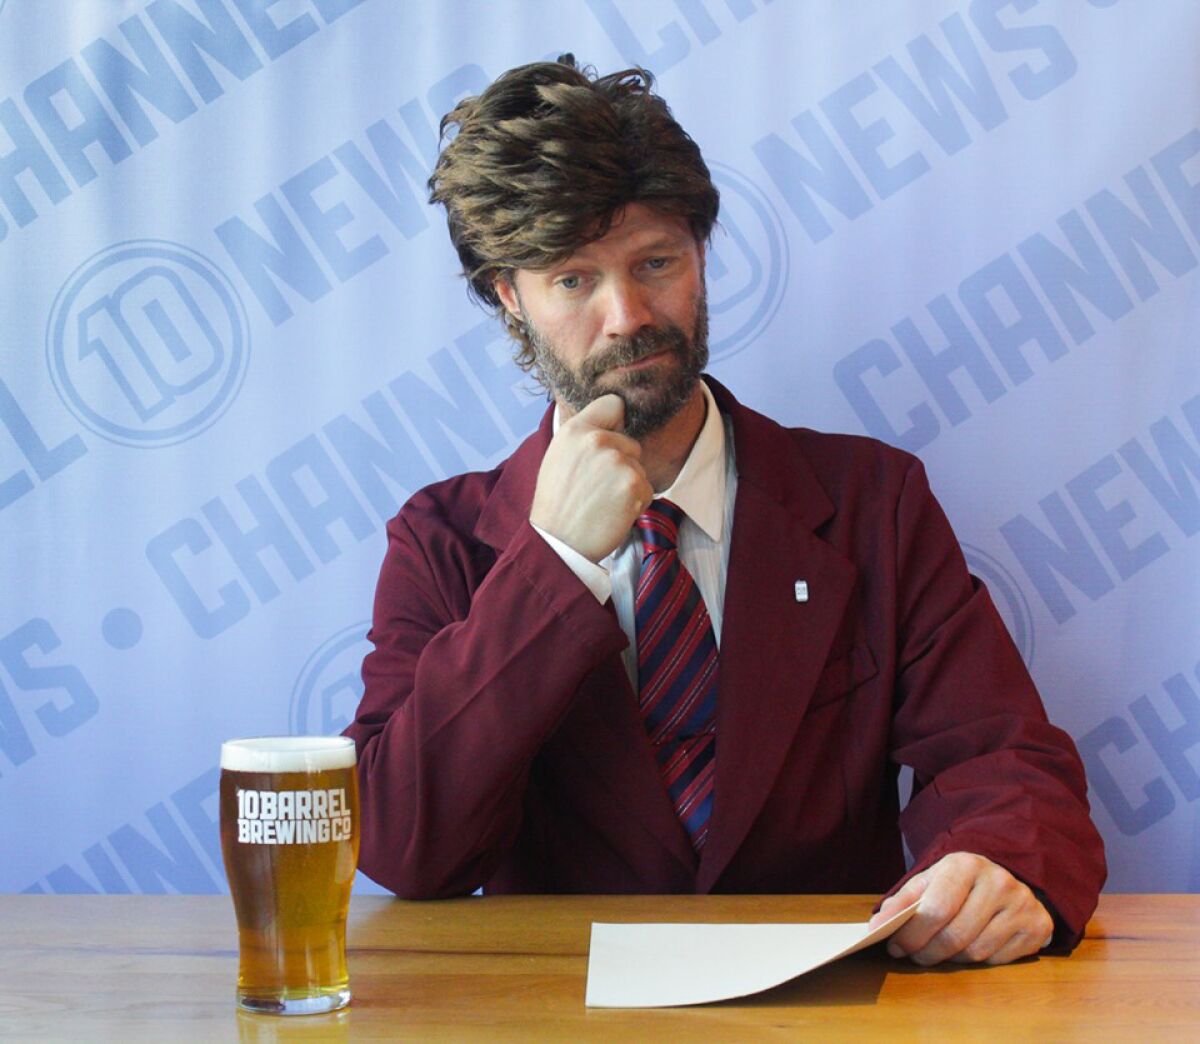 10 Barrel Brewing Co. brewmaster Ben Shirley as Ron Burgundy from Anchorman.
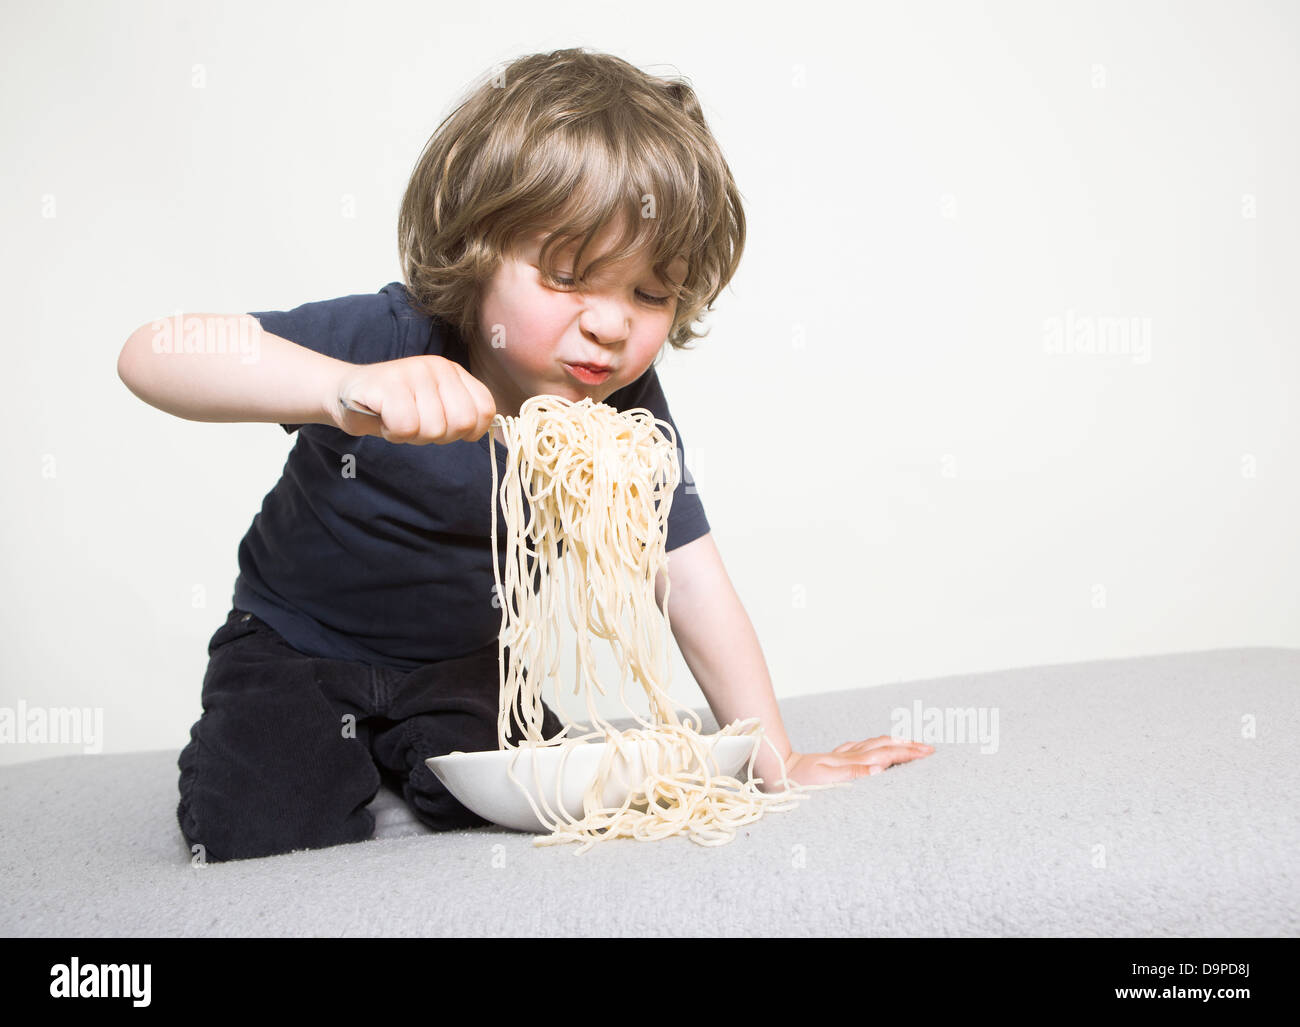 young boy eating his pasta on the couch Stock Photo
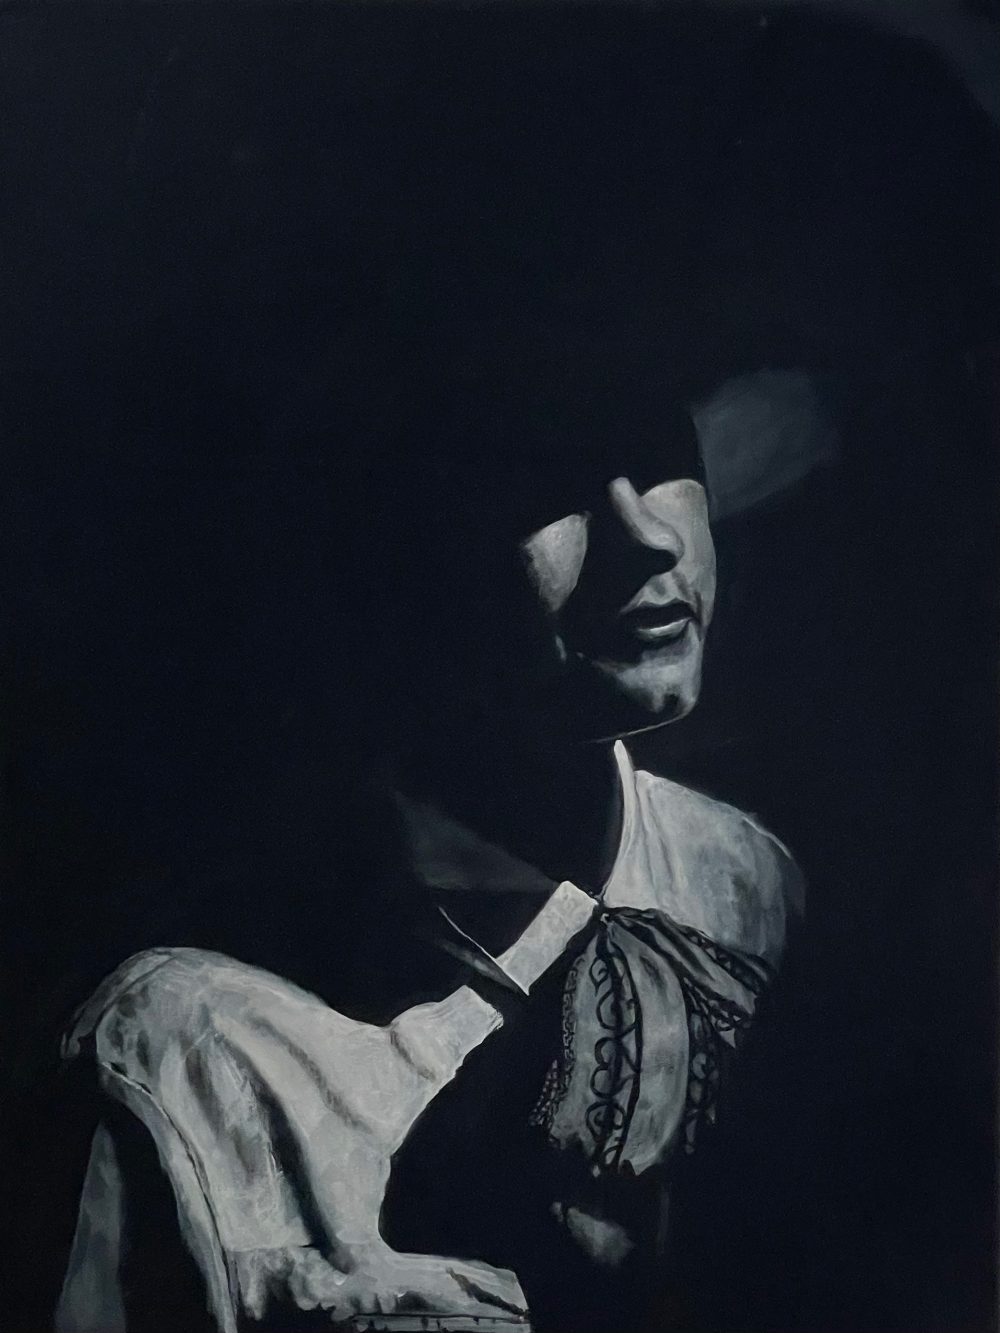 Painting of a man in the traditional Mexican Charro attire, with shadows cast across his upper body and face.
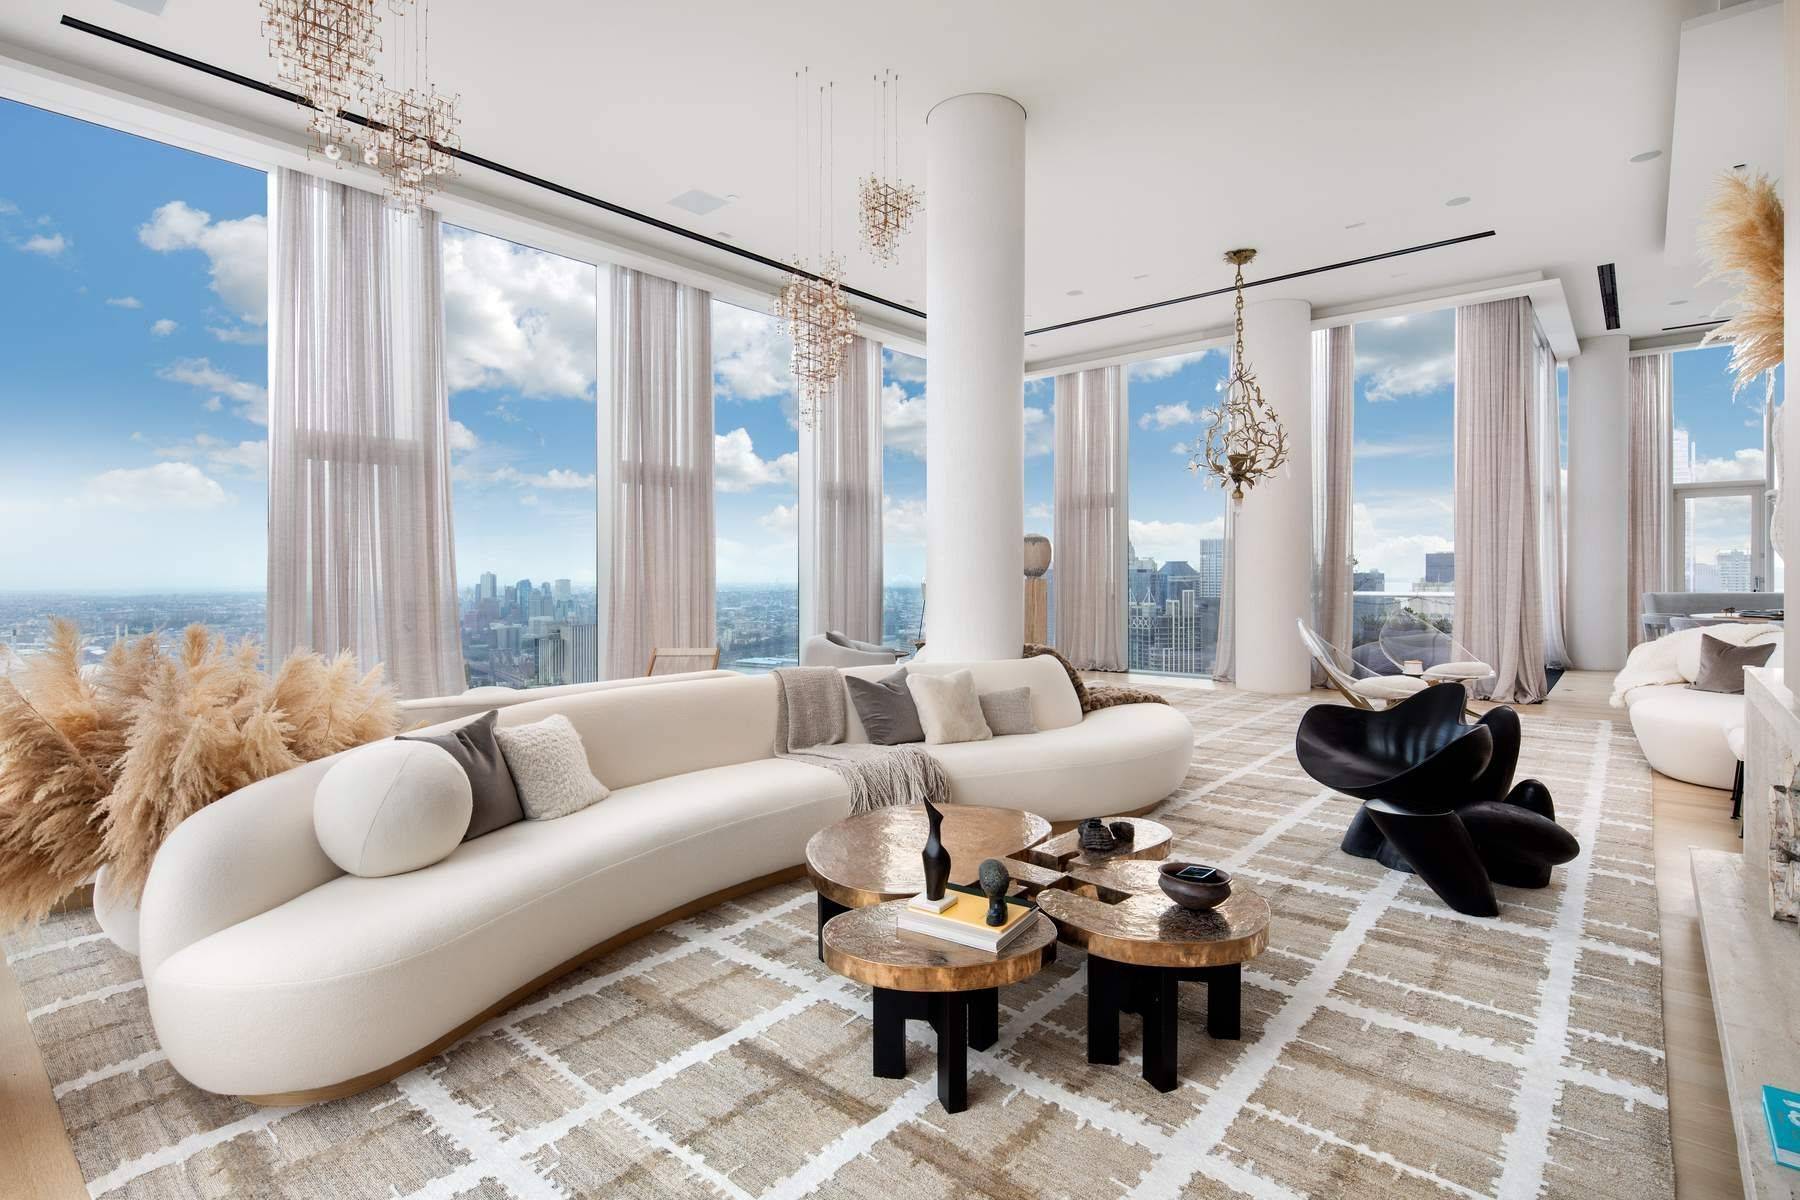 Rare opportunity to own a spectacular, one of a kind, full floor Penthouse in the heart of Tribeca, perched above the clouds on the 58th floor.

## Problem details
For the material above, repeat each line exactly and leave out the pictures.

## Solution for this exercise
 10 Barrel Brewing Co. brewmaster Ben Shirley as Ron Burgundy from Anchorman.
 young boy eating his pasta on the couch Stock Photo
 Painting of a man in the traditional Mexican Charro attire, with shadows cast across his upper body and face.
 Rare opportunity to own a spectacular, one of a kind, full floor Penthouse in the heart of Tribeca, perched above the clouds on the 58th floor.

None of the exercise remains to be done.